Si on considère les surfaces ensemencées, les différences entre les groupes sont encore plus marquées que si on considère la superficie réelle des terres qu’ils possèdent et des terres qu’ils exploitent, sans même parler des lots concédés((Si nous prenons l’indice 100 pour la quantité de terre communautaire détenue par foyer paysan sans cheval, l’étendue de cette terre détenue par les groupes supérieurs sera de: 159, 206, 259, 321. Pour la propriété foncière réelle de chacun des groupes, les chiffres seront les suivants: 100, 214, 314, 477, 786, et pour la surface ensemencée: 100, 231, 378. 568, 873.)). Cela nous montre une fois de plus à quel point la classification d’après la terre concédée est défectueuse. A l’heure actuelle, en effet, la «répartition égalitaire» de cette terre n’est plus qu’une fiction juridique.
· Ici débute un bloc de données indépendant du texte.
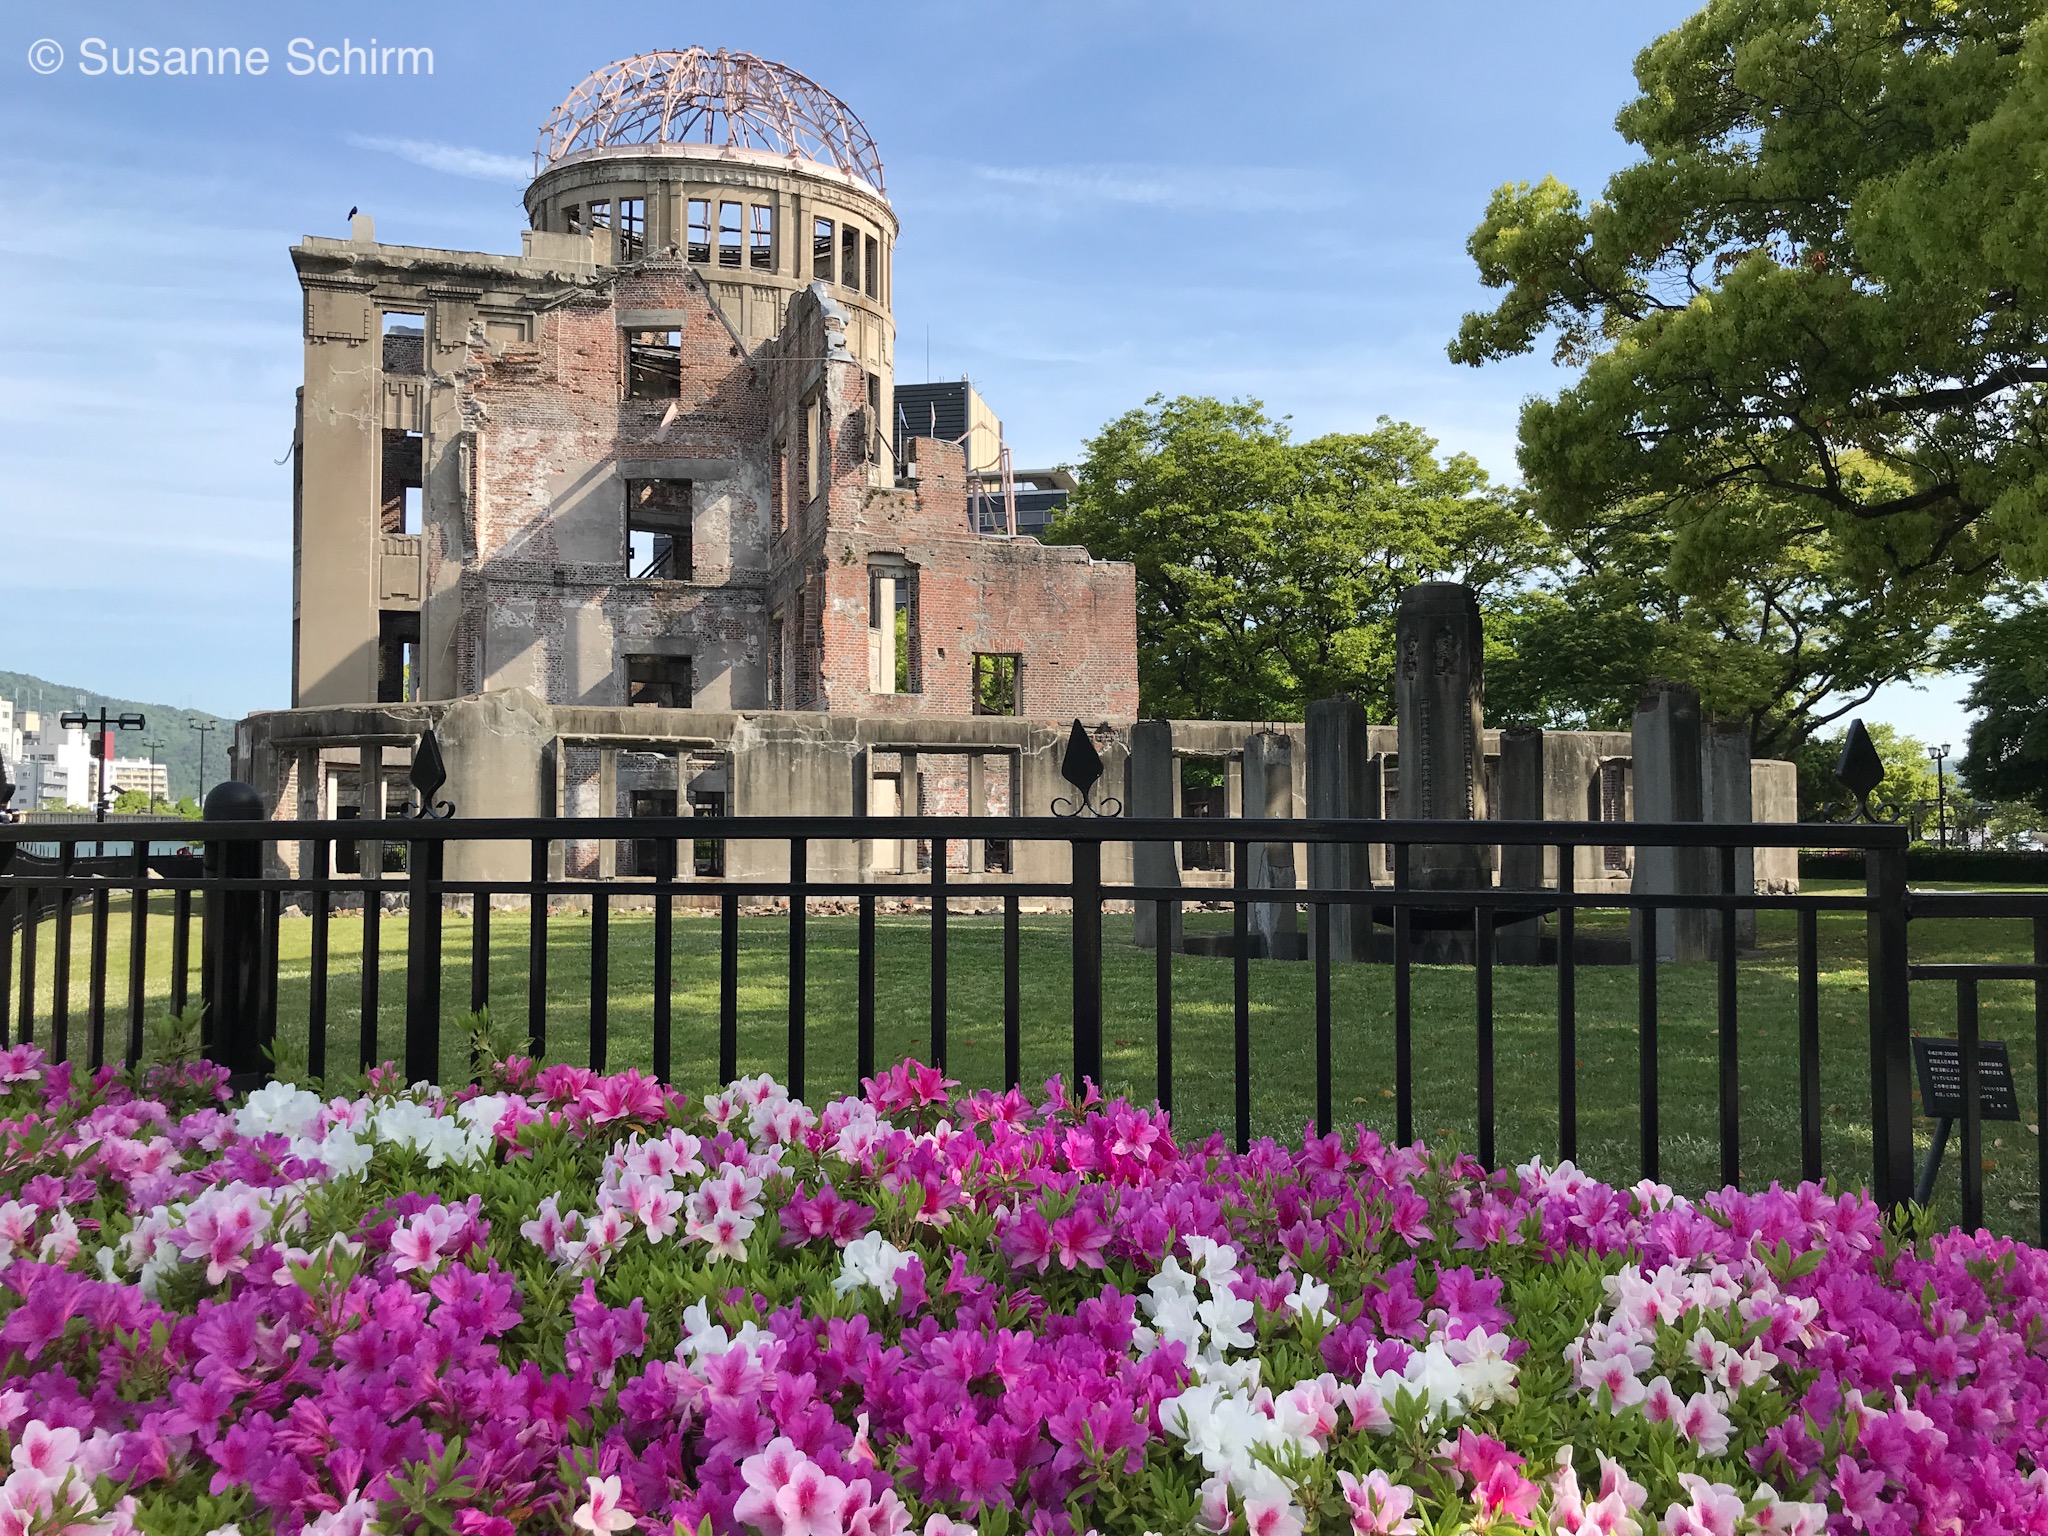 Bild vom Friedensdenkmal in Hiroshima

Les autres colonnes du tableau montrent de quelle manière se réalise dans la paysannerie «la combinaison de l’agriculture et des métiers auxiliaires»: la paysannerie aisée pratique une agriculture capitaliste et commerciale (fort pourcentage d’exploitations employant des ouvriers agricoles) et en même temps, elle possède des entreprises industrielles et commerciales. Les paysans pauvres au contraire vendent leur force de travail (gagne-pain hors du village) tout en continuant à ensemencer de très petites superficies: en d’autres termes, ils deviennent des ouvriers agricoles et des journaliers pourvus d’un lot de terre. Notons que si on n’observe pas une diminution normale du pourcentage des foyers ayant un gagne-pain hors du village, cela provient du fait que dans la province de Nijni-Novgorod ces «gagne-pain» et «métiers auxiliaires» sont d’une grande diversité: à côté des ouvriers agricoles, des manoeuvres, des ouvriers du bâtiment et des chantiers navals, etc., on classe en effet dans la catégorie des gens exerçant un métier auxiliaire un nombre relativement très important de koustaris, de propriétaires d’ateliers industriels, de marchands, de revendeurs, etc. On comprend donc qu’en confondant des types aussi différents, on fausse le chiffre des « foyers ayant un gagne-pain d’appoint »((Sur les «métiers auxiliaires» des paysans de la province de Nijni-Novgorod. v. M. Plotnikov: Les industries artisanales de la province de Nijni-Novgorod (Nijni-Novgorod 1894), les tableaux de la fin du livre, de même que les recueils de statistique des zemstvos, en particulier sur les districts de Gorbatov et de Sémionov. )).
Pour ce qui est des différences entre les exploitations agricoles des divers groupes de paysans, notons que dans la province de Nijni-Novgorod «le fumage … est une des conditions essentielles du rendement des labours» (p. 79 du Recueil sur le district de Kniaguinine). La récolte moyenne de seigle s’élève régulièrement à mesure qu’augmente le fumage de la terre: avec 300 à 500 charretées de fumier par 100 déciatines de terre communautaire elle est de 47,1 mesures par déciatine ; avec 1 500 charretées et plus. elle est de 62,7 mesures (ibid., p. 84). Il est donc évident que la différence entre les groupes doit être encore plus marquée en ce qui concerne l’importance de la production agricole, que la différence en ce qui concerne a surface ensemencée; il est également clair que les statisticiens de Nijni-Novgorod ont commis une grave erreur en étudiant le rendement en général sans faire de distinction entre le rendement obtenu par les paysans aisés et par les paysans pauvres.